▶ [Exercise details]: What is needed is an exact reproduction of the lines in the records below, starting at the line with "Drone image of Domingo Baca parking area" and ending at the line with "Top Chef of the Culinary Coast™ Hero Image", both included, and nothing else; pictures stay out.

▶ [Data for review]:
┄┄┄┄┄┄┄┄┄┄┄┄┄┄┄┄┄┄┄┄
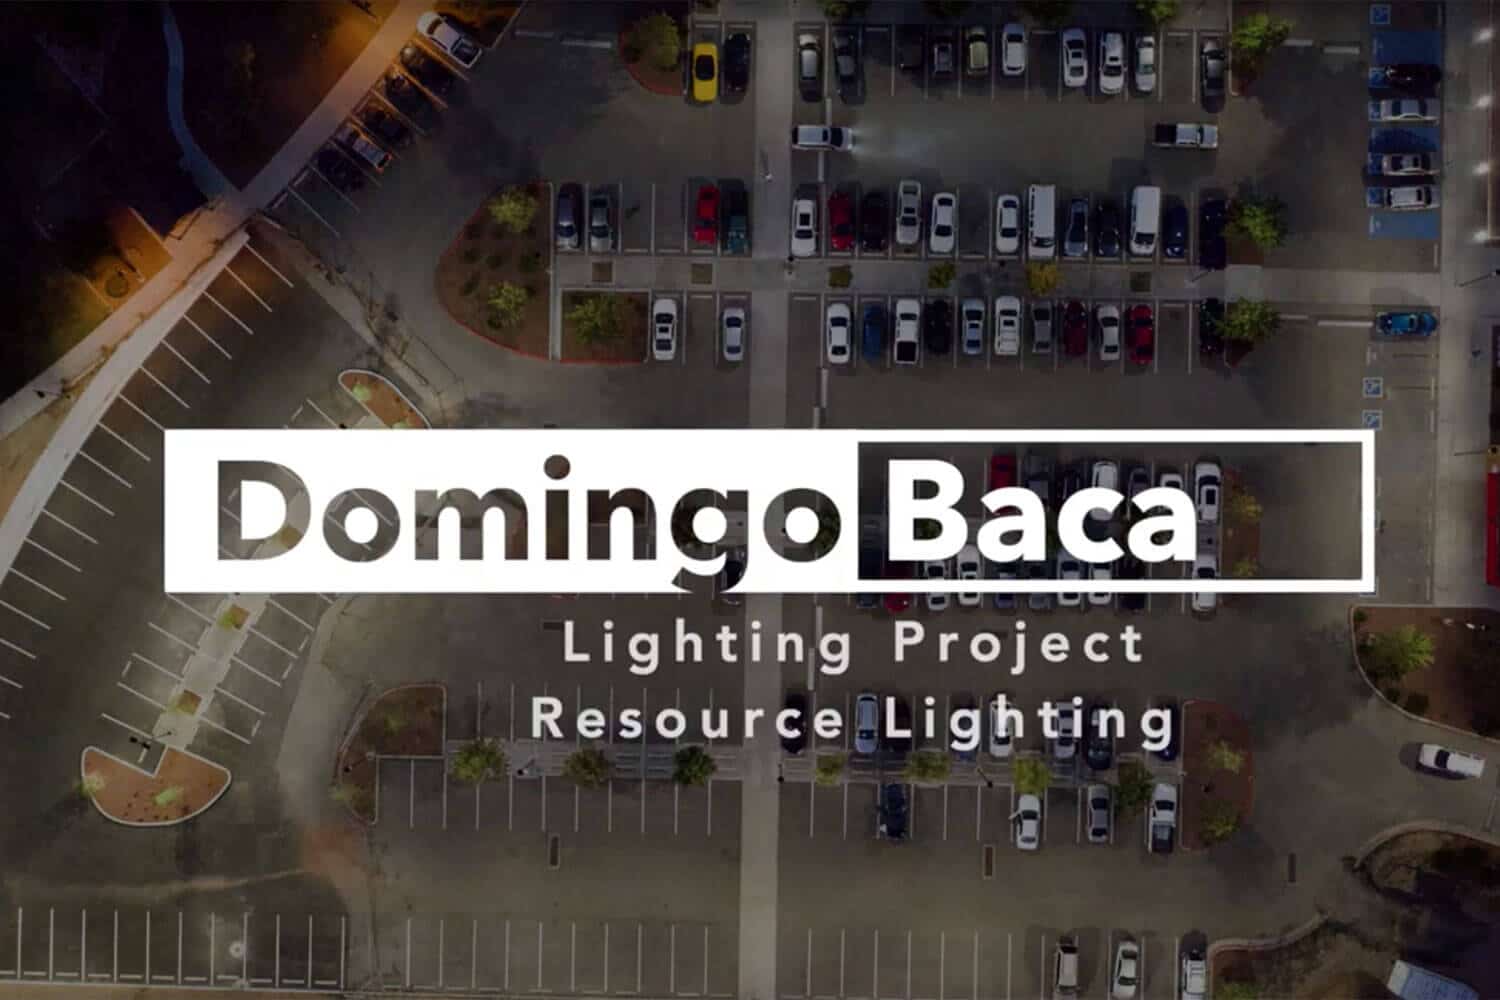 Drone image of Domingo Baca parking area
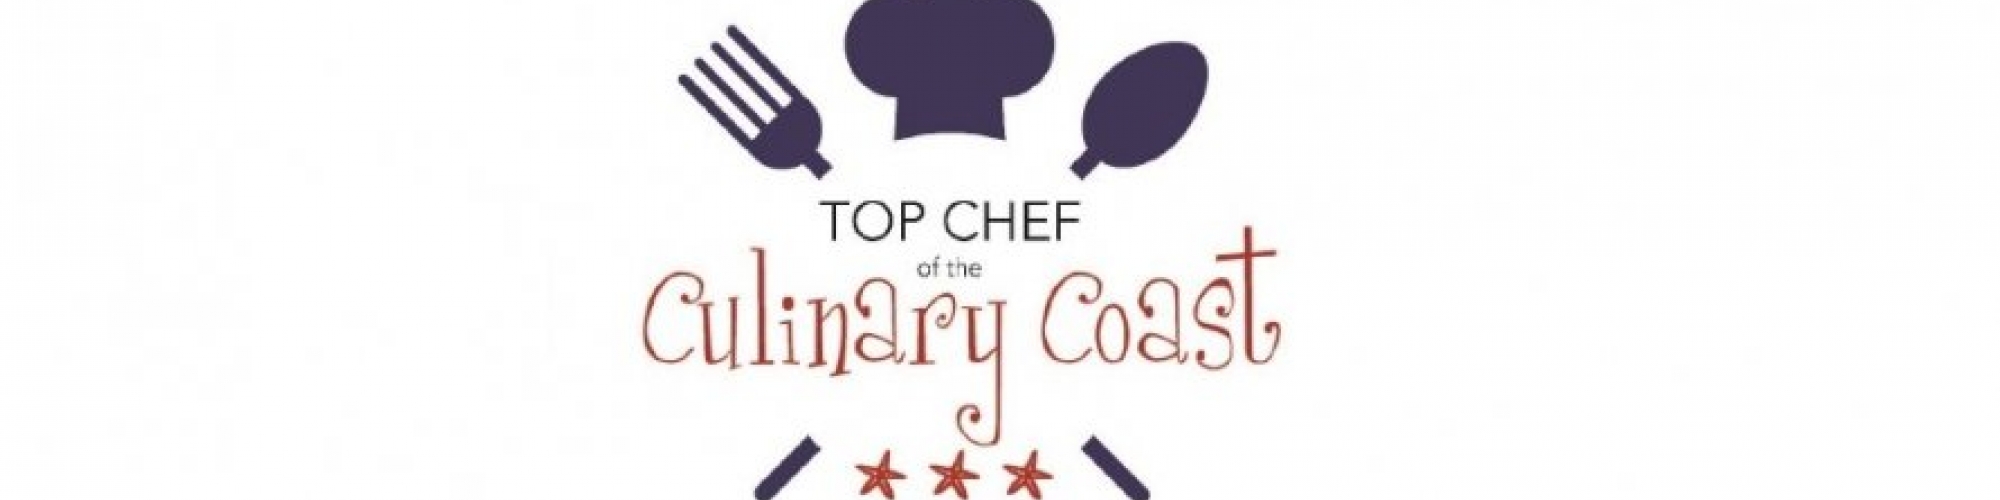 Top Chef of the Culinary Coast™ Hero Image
┄┄┄┄┄┄┄┄┄┄┄┄┄┄┄┄┄┄┄┄
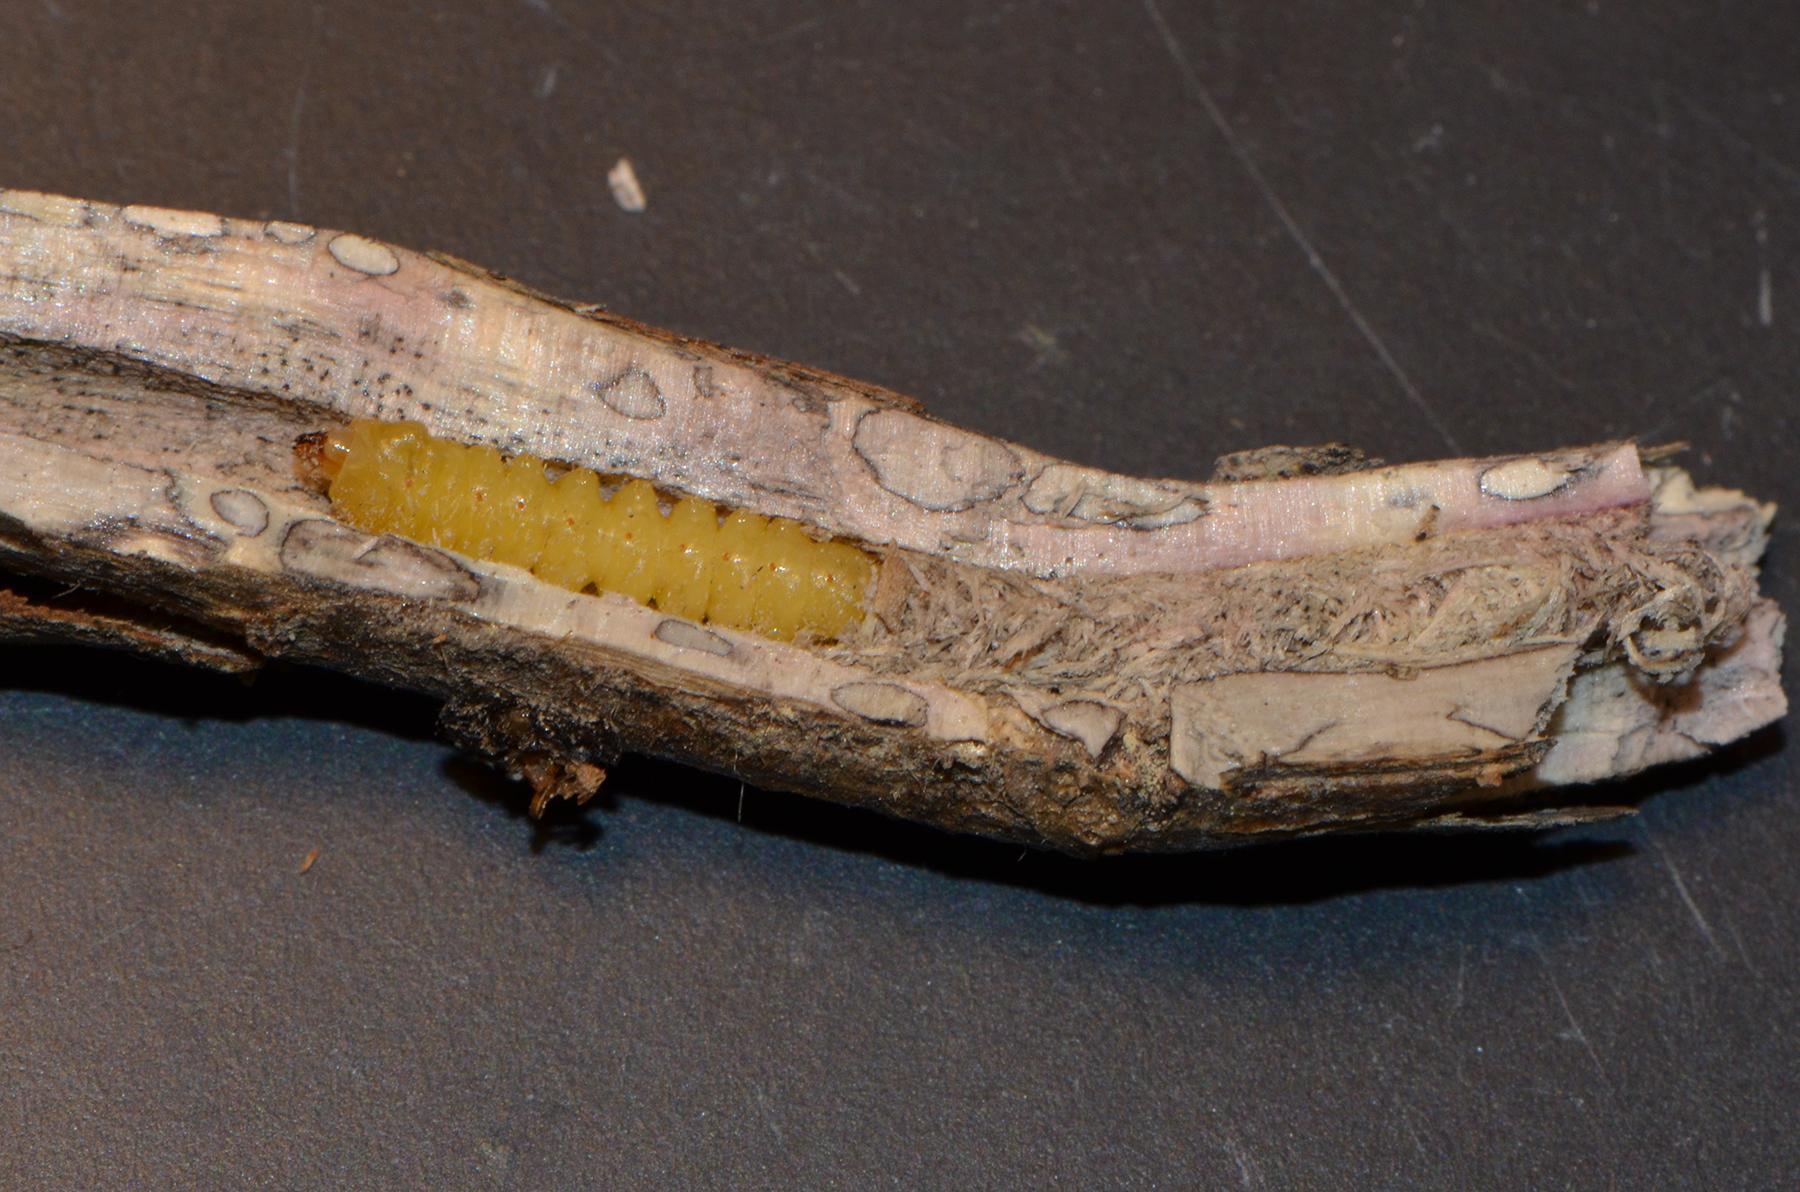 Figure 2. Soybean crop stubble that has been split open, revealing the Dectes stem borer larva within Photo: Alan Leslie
┄┄┄┄┄┄┄┄┄┄┄┄┄┄┄┄┄┄┄┄
▶ [Result for this exercise]:
 Drone image of Domingo Baca parking area
 Top Chef of the Culinary Coast™ Hero Image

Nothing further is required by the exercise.